As I understand it at Rowntree York the problem lies largely with back to back pitches and that the new pitching rules mean they cannot get the necessary separation of units and awnings!


----------



## peedee (May 10, 2005)

Jamsieboy said:


> As I understand it at Rowntree York the problem lies largely with back to back pitches and that the new pitching rules mean they cannot get the necessary separation of units and awnings!


Looking at a site plan that would appear to only effect 25 percent of pitches not 90 percent. There must be more to it than that.

peedee


----------



## stewartwebr (May 27, 2005)

Stayed at Durham Grange a few weeks back and noticed a high percentage of the pitches have been changed to "non awning" the ironic part being the club spent a considerable amount of members money last year installing serviced pitches. They have all been made non awning pitches and the taps heads removed so they can no longer be used, which is a complete waste of club funds. The drains are still there but no tap.


----------



## rayc (Jun 3, 2008)

I spent a weekend at a CC site recently and wondered why my marker peg was blue.

All is revealed below, choice of 6 colours;


----------



## dalspa (Jul 1, 2008)

A couple of years ago I rang the CC Head office to get clarification on whether pitches were awning or non awning. I was told that if there was room to put an awning out, then it was OK to do so.

Bearing in mind that most motorhomes arrive on site without a separate vehicle, then it is more likely that there would be room on the pitch to put an awning out. I have awning brackets on the side of my motorhome and would wind out the awning a little if I wanted to bbq in the rain.

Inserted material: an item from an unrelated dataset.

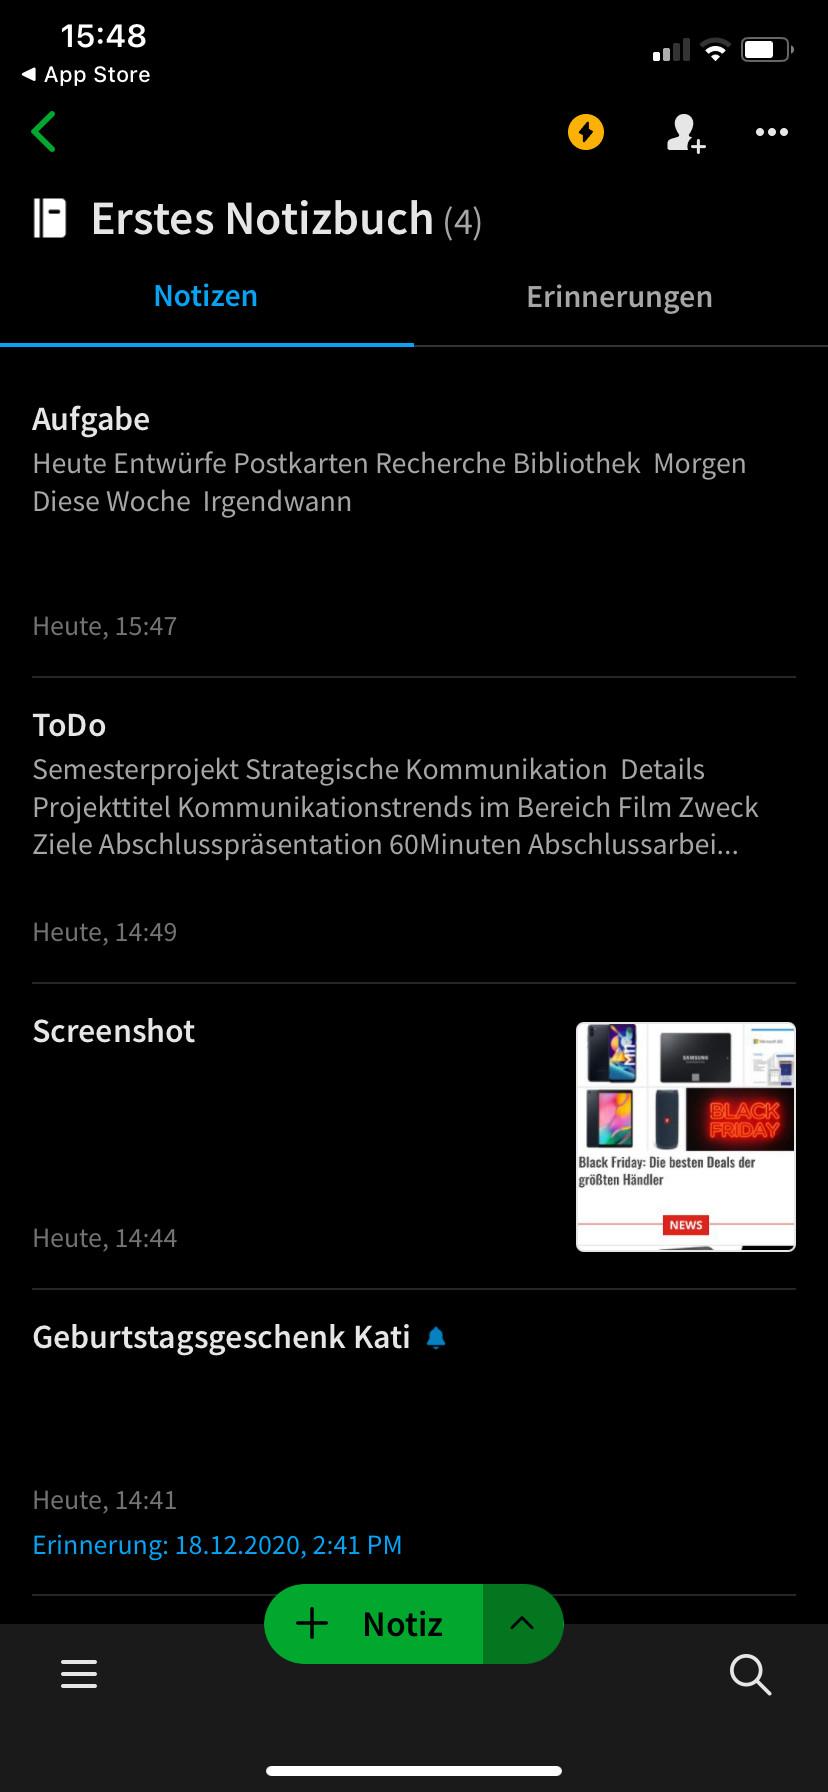 Screenshot 1 - Evernote (App für iPhone & iPad)

Haven't been on a CC site this year so will be interesting if they have changed their attitude towards awnings. More likely to upset tuggers than motorhomers anyway - good  

DavidL


----------



## paulmold (Apr 2, 2009)

The CC seem to be implementing the 6 metre rule rigidly. Last week we stayed on Braithwaite Fold C&CC site (was previously a CC site) and on this site (the only one in the network) there is a 4 metre 'fire break' rule but this is a council ruling as this site is council owned and managed by the C&CC. So it seems the H&S rules can be interpreted however they please.
With only 4 metres between units there is no room for either awnings or cars next to units. Cars are parked across the front of unts, half on the road, so the whole site feels very crowded.


----------



## Gary1944 (Feb 21, 2009)

Glen432 said:


> This warden is retiring at the end of the season, sour grapes me thinks. Nothing wrong with H&S its how it is interpreted where the problem lies.
> 
> Phil


Hi Phil,

Hope things are going well for you both. Keep up the good work.

Gary.


----------



## geordie01 (Apr 20, 2006)

All this H&S stuff from the CC is aload of crap. Last summer on the Edinburgh site they had outfits squeezed onto every bit of spare ground they had even if it was not designated as a pitch so stuff any min distance between units. They had camper vans pitched on the grass next to the service points and in the car park and bike park of the tent area.
Also they had up to 7 motorhomes pitched on the LNA at 6.30pm and most of them stayed over for a couple of days and they were parked with hardly any space between them It looked just like a french aire. When I queried this with the club via club together my post was removed and not answered. Remember when it was only one car per pitch because of H&S but now if you pay £2.00 it is ok. The pitch opposite us had 3 cars on it!!.I still have the photo's I took of the pitching arrangements. There were so many extra people on the site the loo blocks were heaving.
CC h&s my a**e.


----------



## Glen432 (May 9, 2005)

Gary1944 said:


> Glen432 said:
> 
> 
> > This warden is retiring at the end of the season, sour grapes me thinks. Nothing wrong with H&S its how it is interpreted where the problem lies.
> ...


Hi Gary

Thought it was you, hope you and A are both well. Where staying open this year till 2nd Jan.

Phil


----------



## peterandirene (May 9, 2005)

I asked the warden this question. You can put out a roll out awning if there is room but not with sides etc.

Peter


----------



## chermic (Feb 15, 2013)

My OH is ex Fire Brigade and I often used to ask how the 20ft rule only applied to Caravans and there wasn't 20ft from the awning of one pitch to the car of the other. I also couldn't understand why the back of the pitches didn't have the 20ft rule applied. It now seems that they are, and about time too.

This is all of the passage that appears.